> WORK REQUIRED: Please output exactly the lines below, starting at the line that has "Szampon zapewniający włosom" and ending at the line that has "Bestrunner 32GB USB", both included; leave out all pictures and include nothing else.

> EXTRACTED ENTRIES:
*** Begin section ***

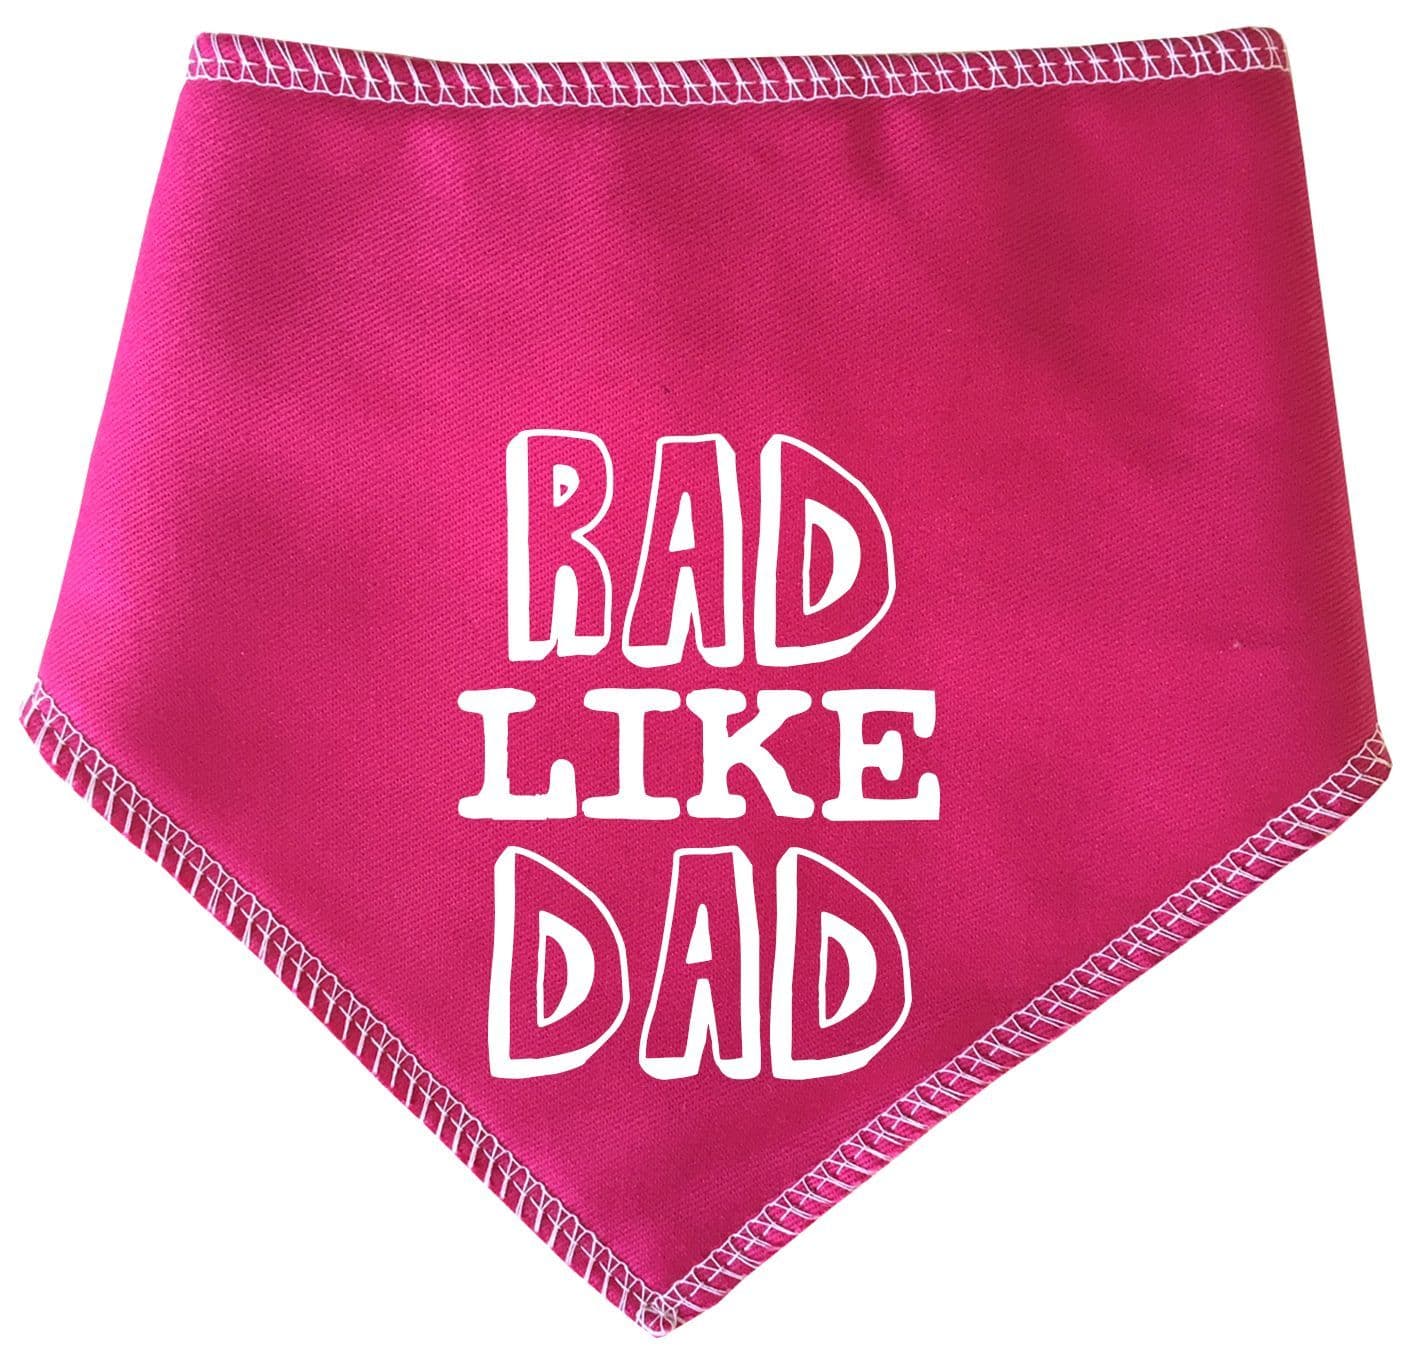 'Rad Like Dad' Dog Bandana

*** End section ***
*** Begin section ***

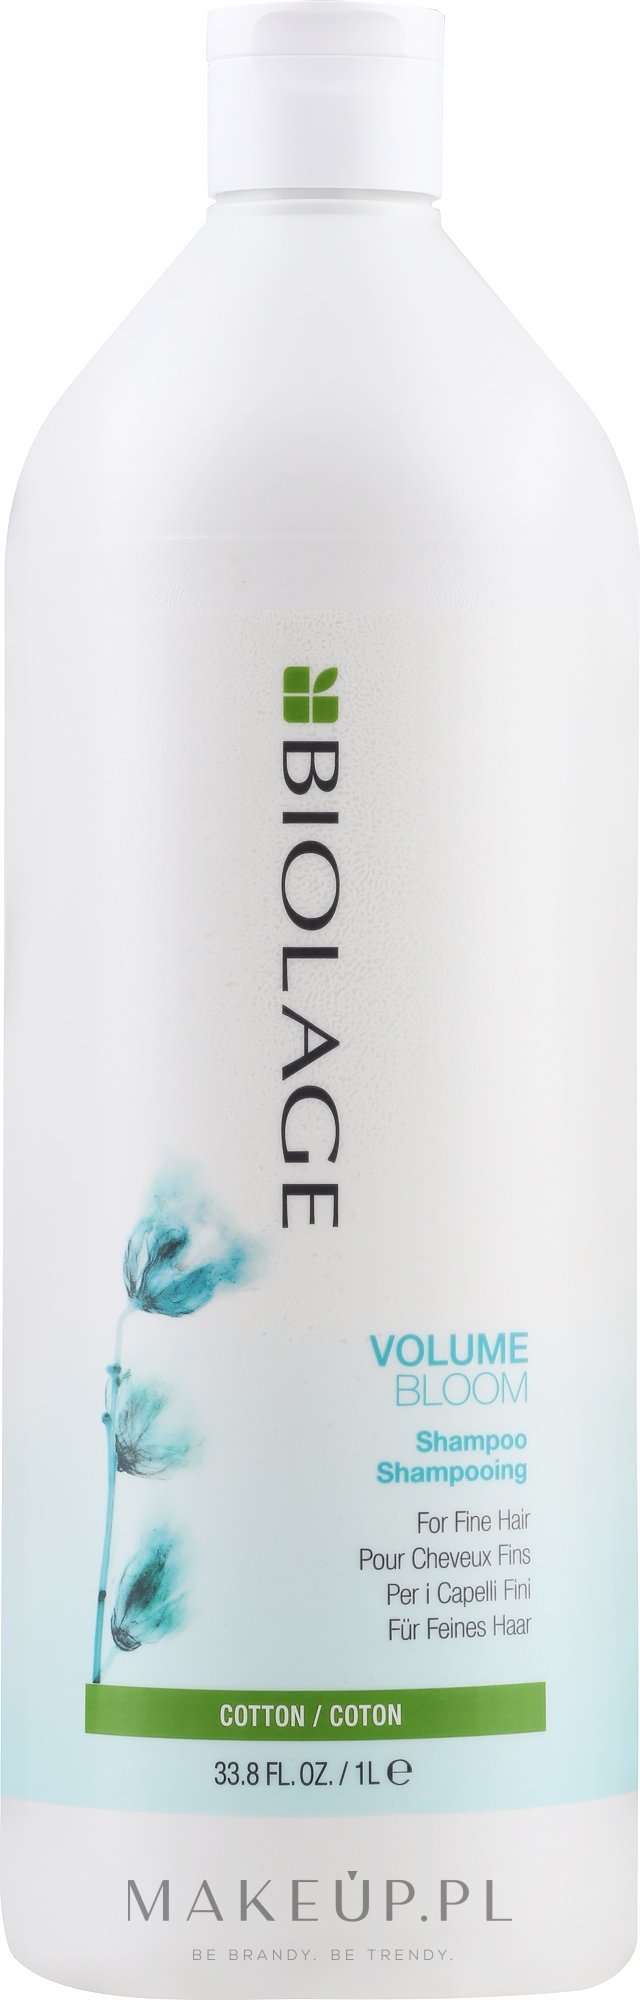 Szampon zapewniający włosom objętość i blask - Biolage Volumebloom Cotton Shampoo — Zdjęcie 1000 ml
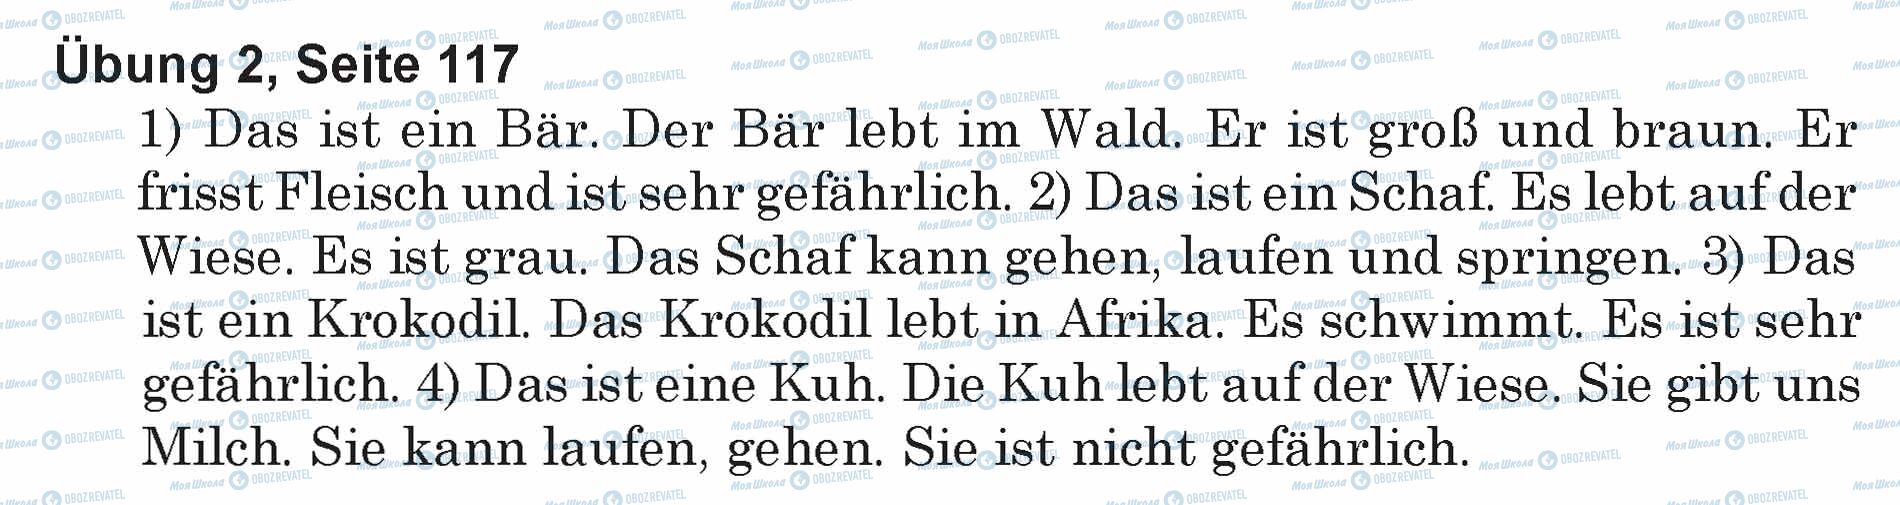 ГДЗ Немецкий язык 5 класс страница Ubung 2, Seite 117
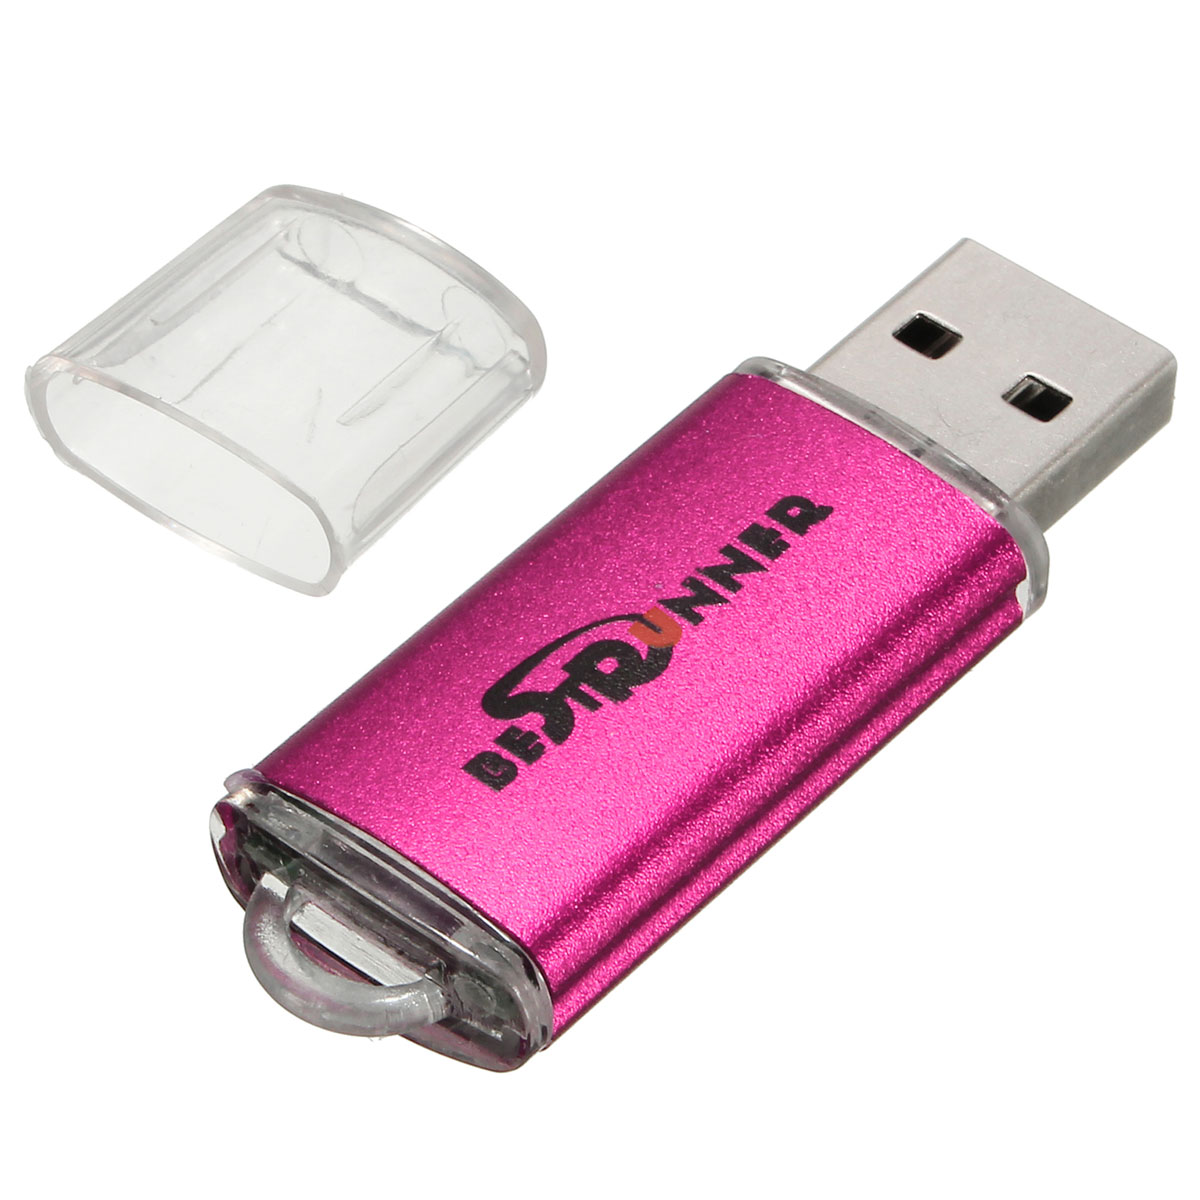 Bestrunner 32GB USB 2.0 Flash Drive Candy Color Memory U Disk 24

*** End section ***

> ANSWER FOR THIS EXERCISE:
 Szampon zapewniający włosom objętość i blask - Biolage Volumebloom Cotton Shampoo — Zdjęcie 1000 ml
 ГДЗ Немецкий язык 5 класс страница Ubung 2, Seite 117
 Bestrunner 32GB USB 2.0 Flash Drive Candy Color Memory U Disk 24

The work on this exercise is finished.